### REQUIRED ACTION
Pictures are to be skipped. Retype exactly the lines from the top of the material through the one with "Portrait of frowning, grumpy", and only those.

### AVAILABLE DATA

==========

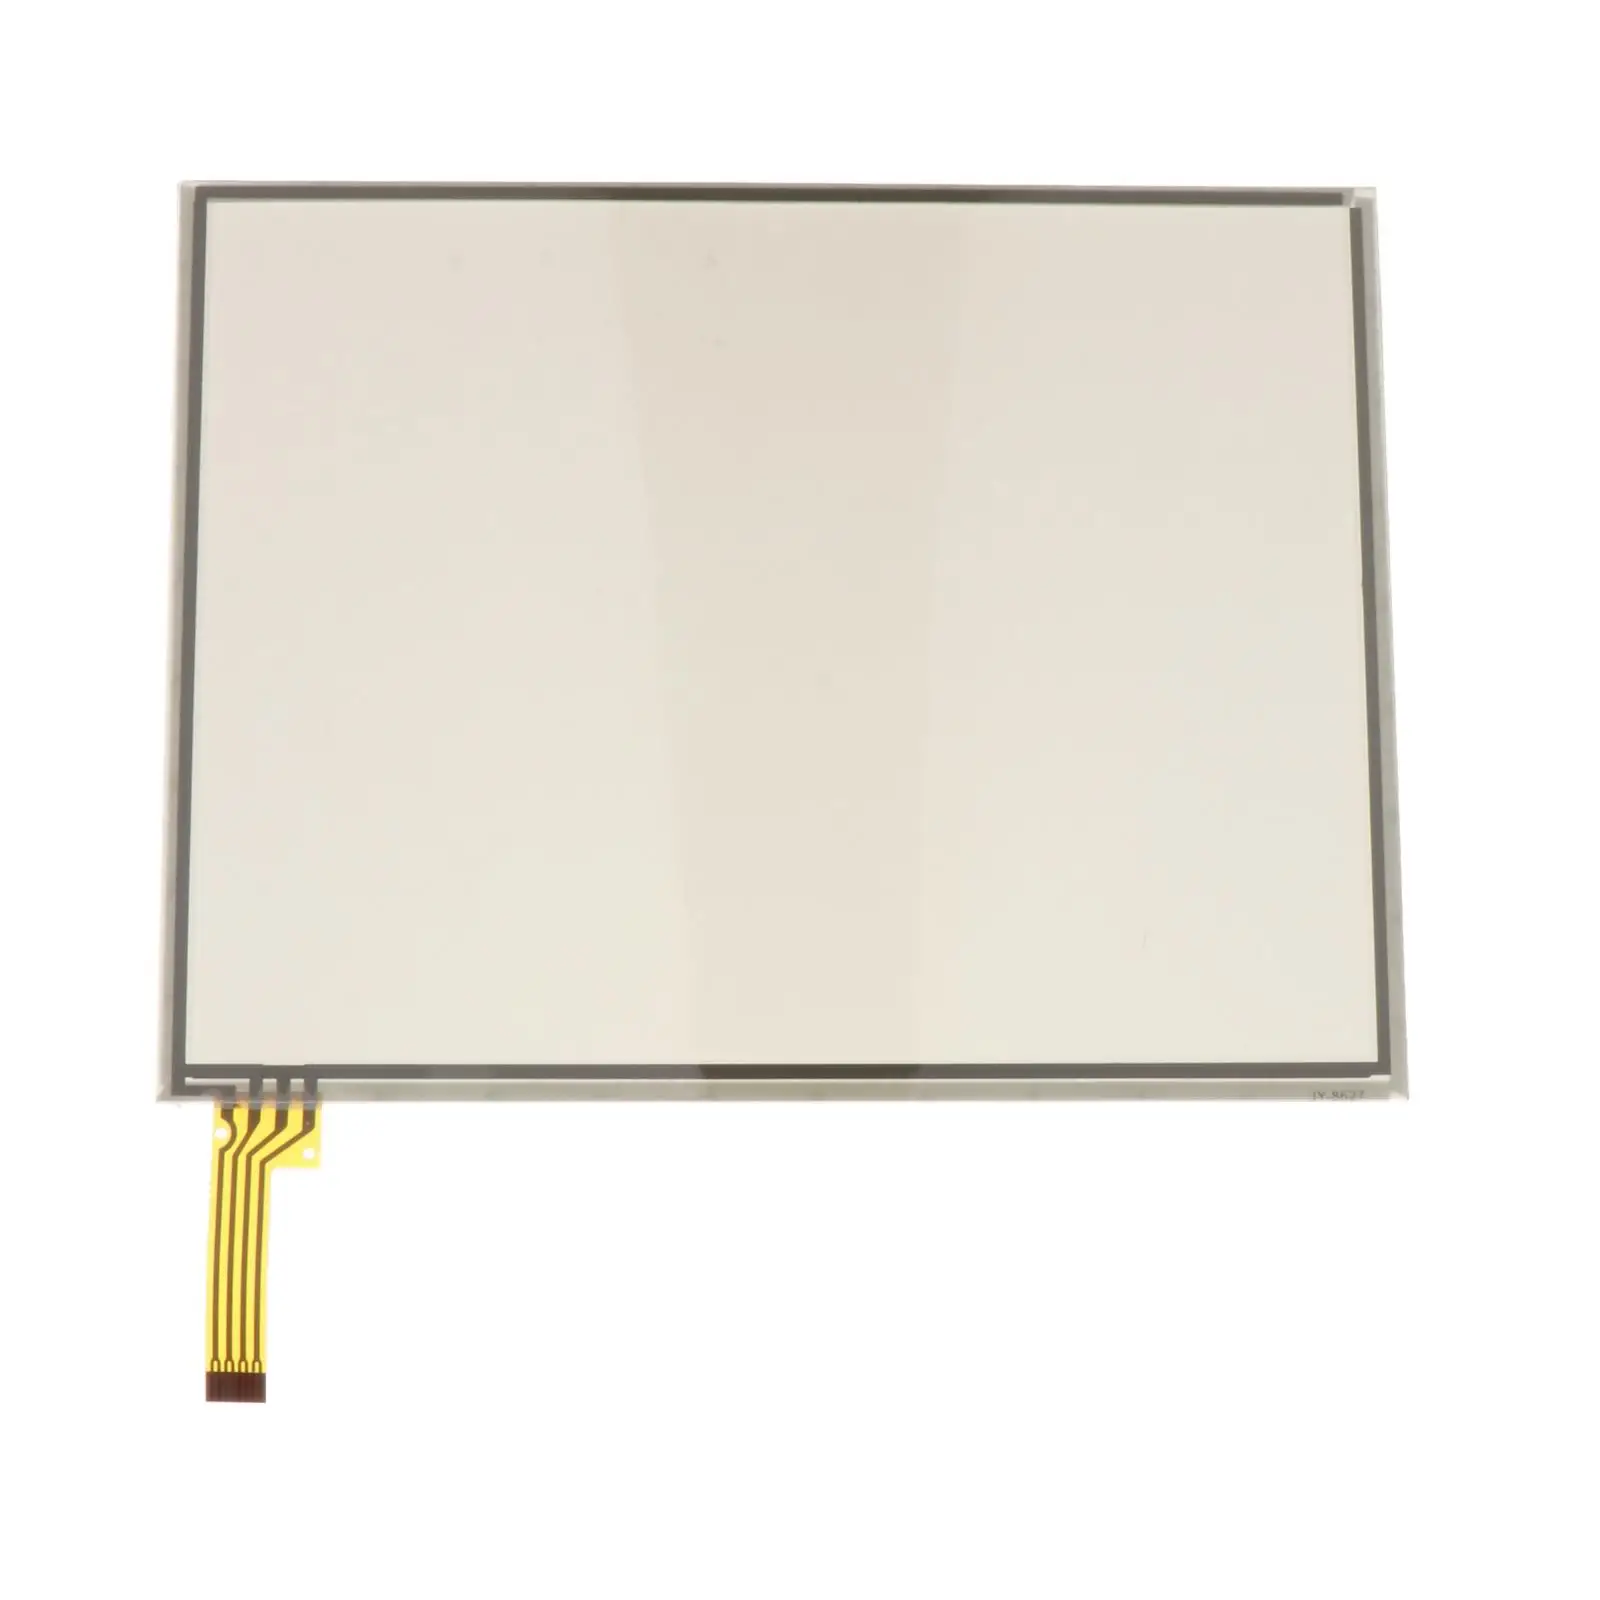 Touch Screen Glass Digitizer For Uconnect 3C 8.4A VP3 8.4AN VP4 Radio 8.4
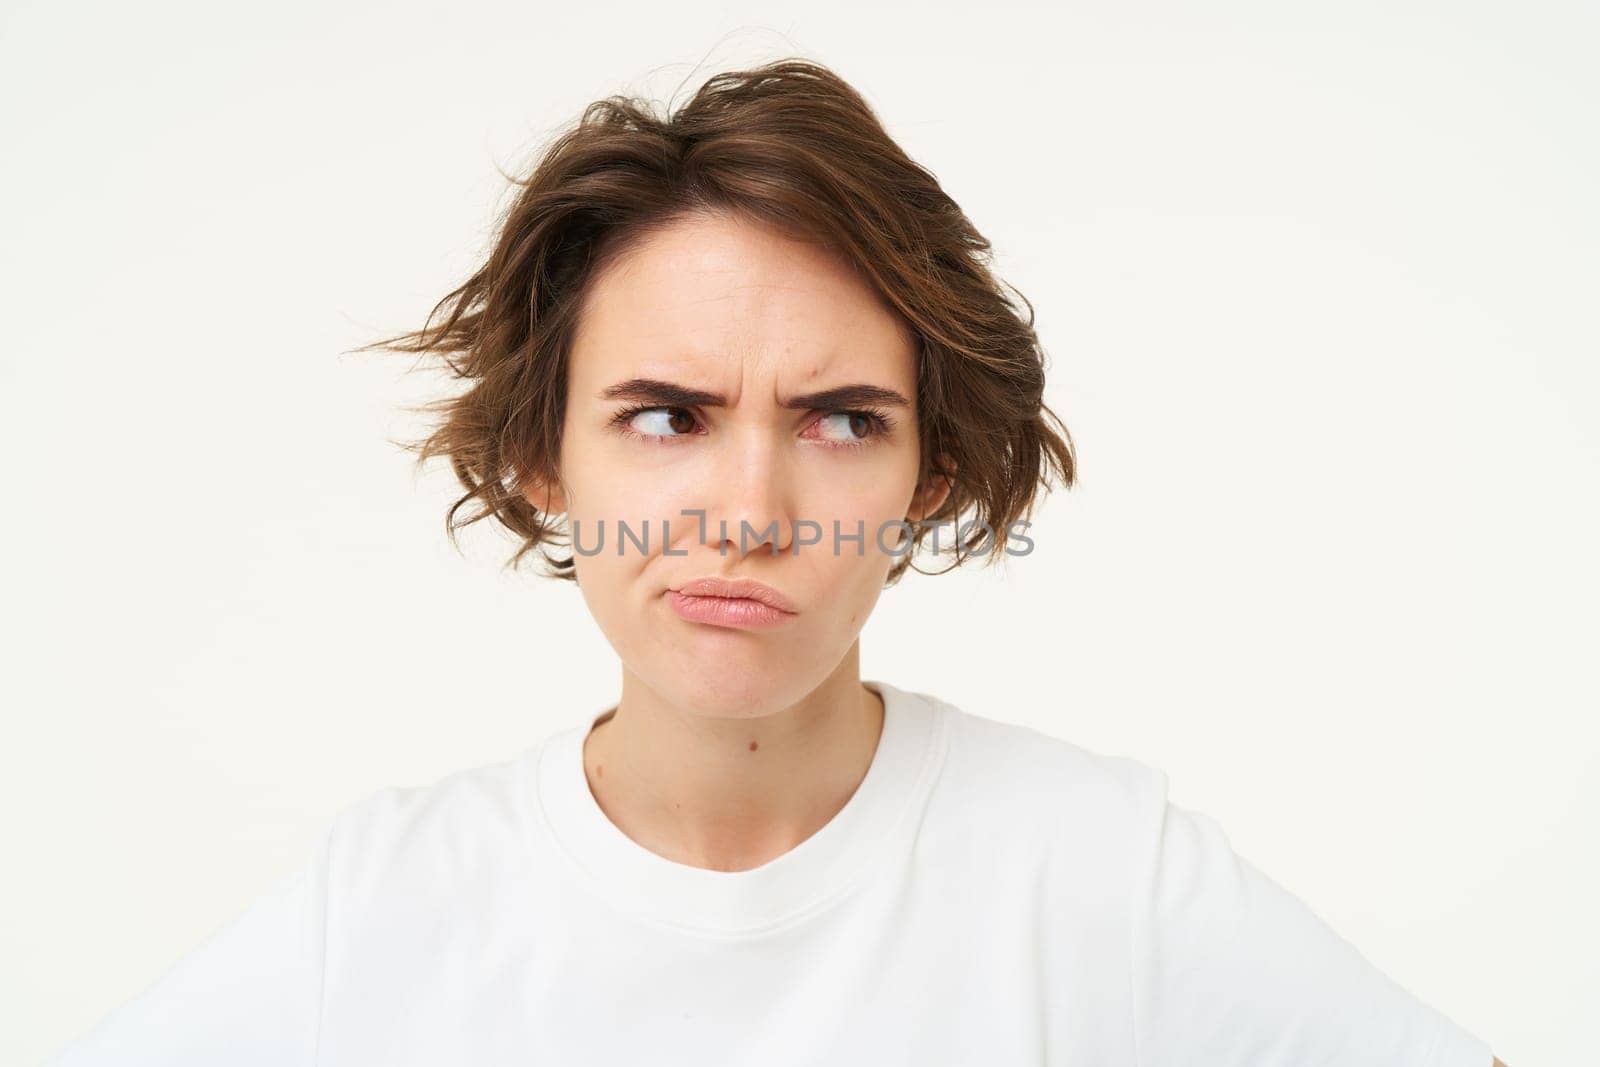 Portrait of frowning, grumpy young woman, looks upset and offended, disappointed by something, standing over white background. Copy space
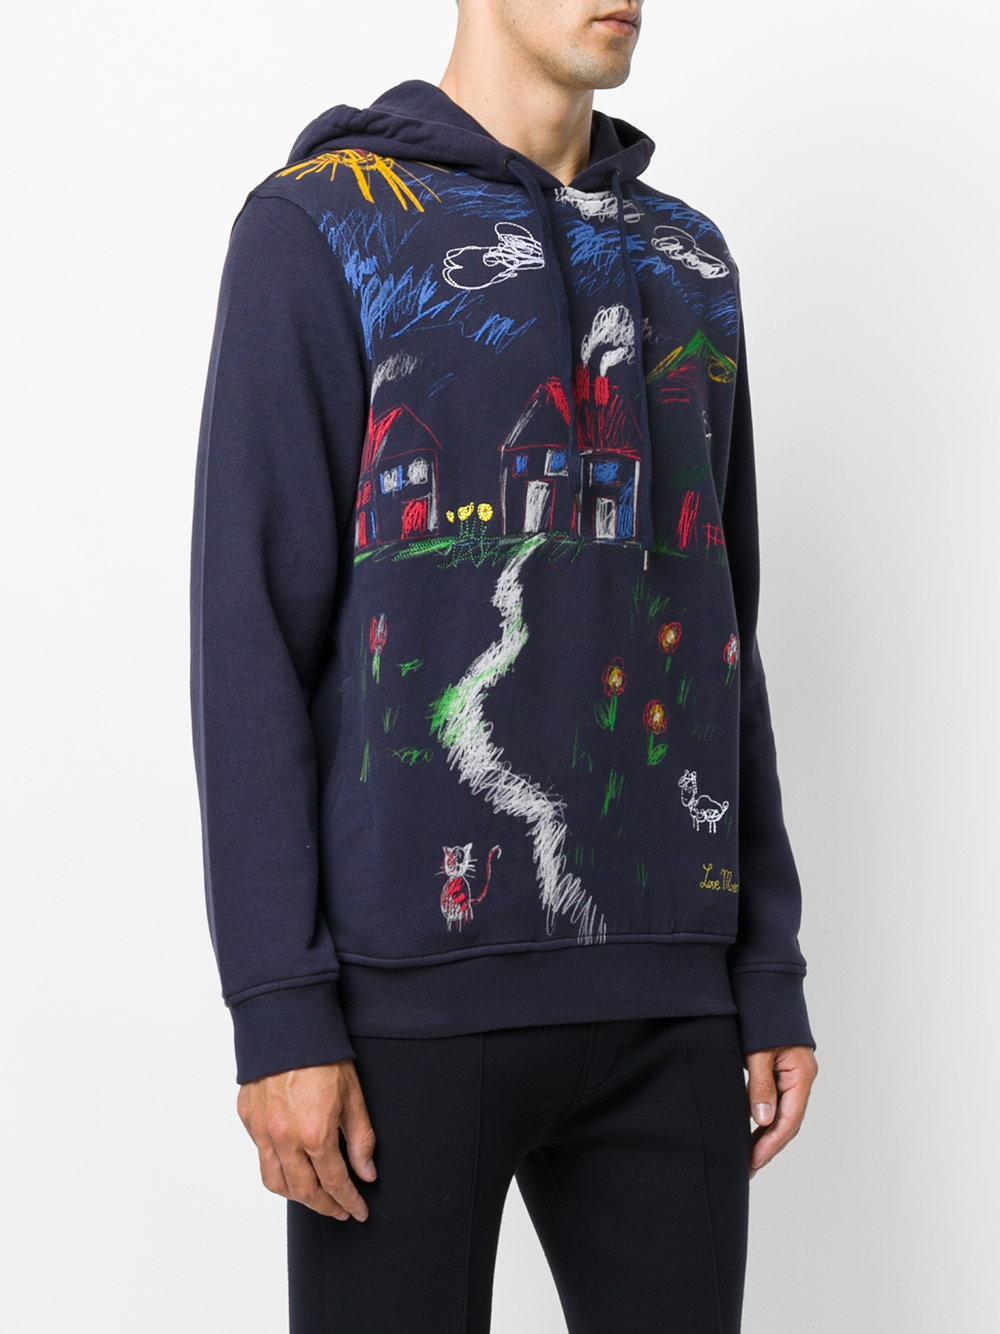 Lyst - Love moschino Hooded Printed Sweatshirt in Blue for Men
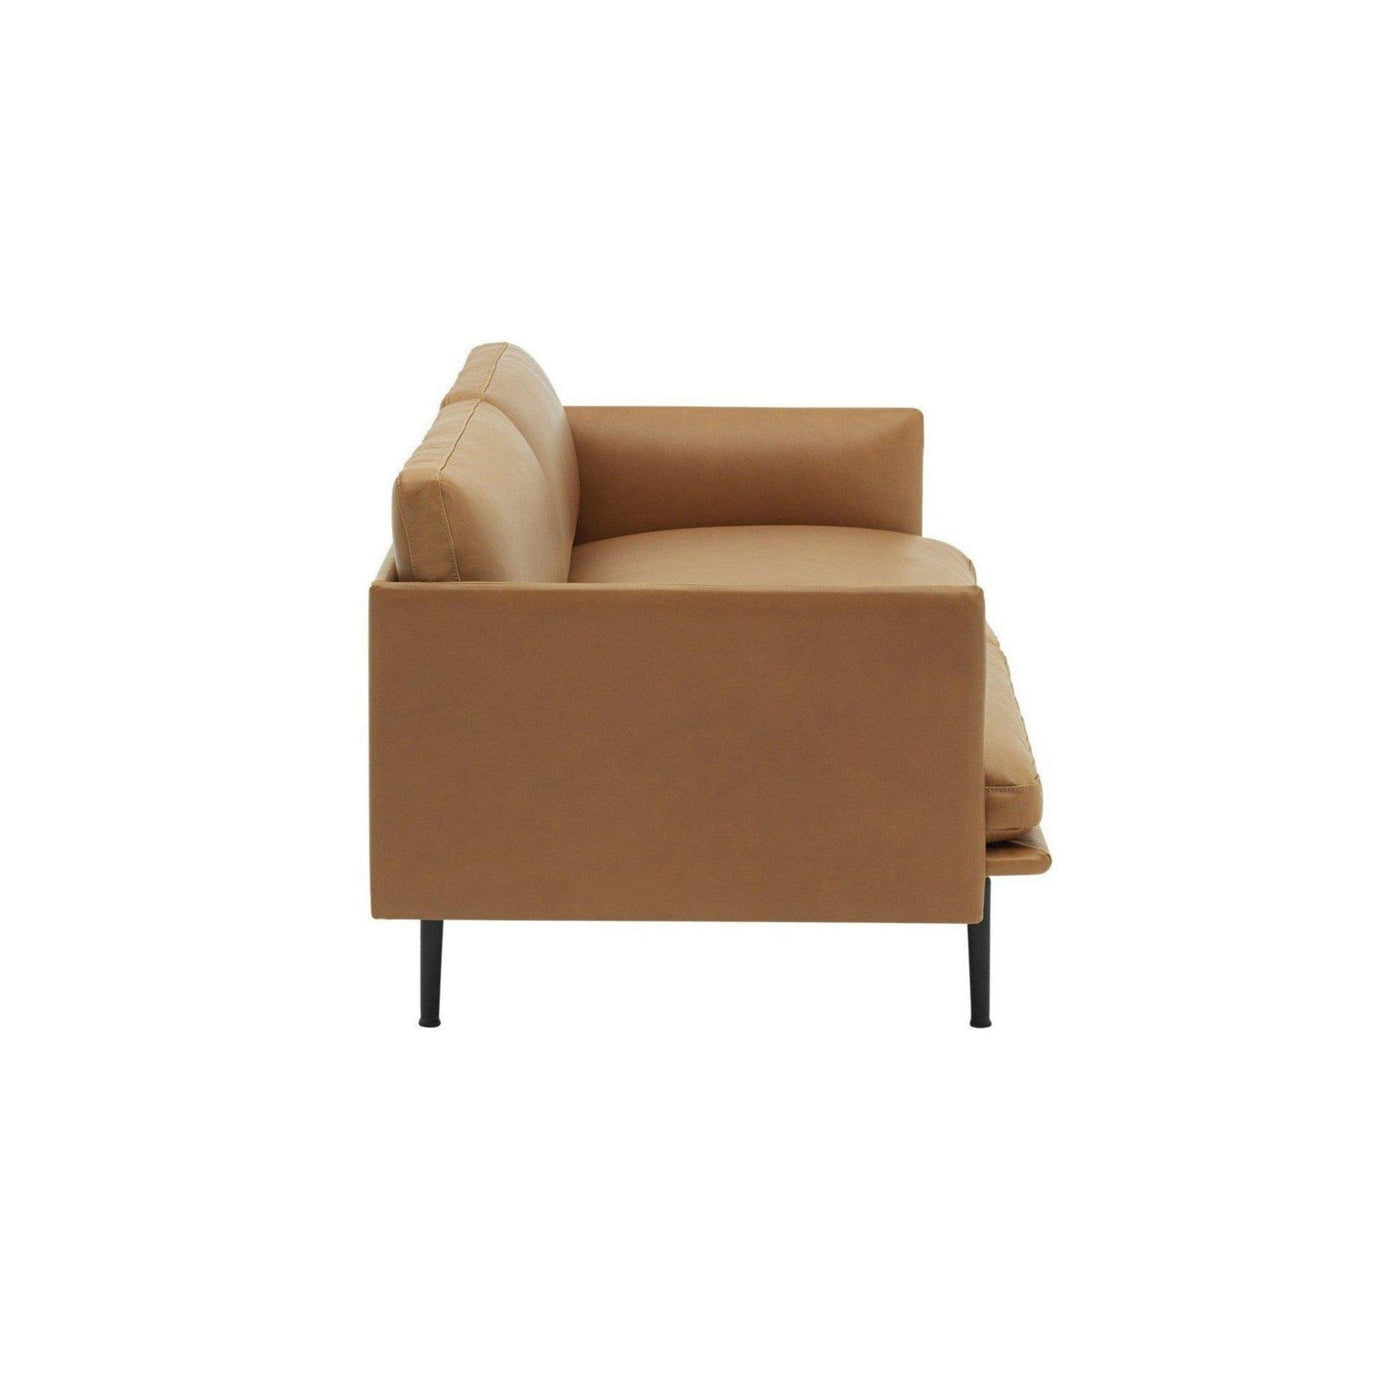 Muuto Outline 3 seater sofa with black legs. Available from someday designs. #colour_cognac-refine-leather

==========

### COMPLETED EXERCISE
 Touch Screen Glass Digitizer For Uconnect 3C 8.4A VP3 8.4AN VP4 Radio 8.4
 Portrait of frowning, grumpy young woman, looks upset and offended, disappointed by something, standing over white background. Copy space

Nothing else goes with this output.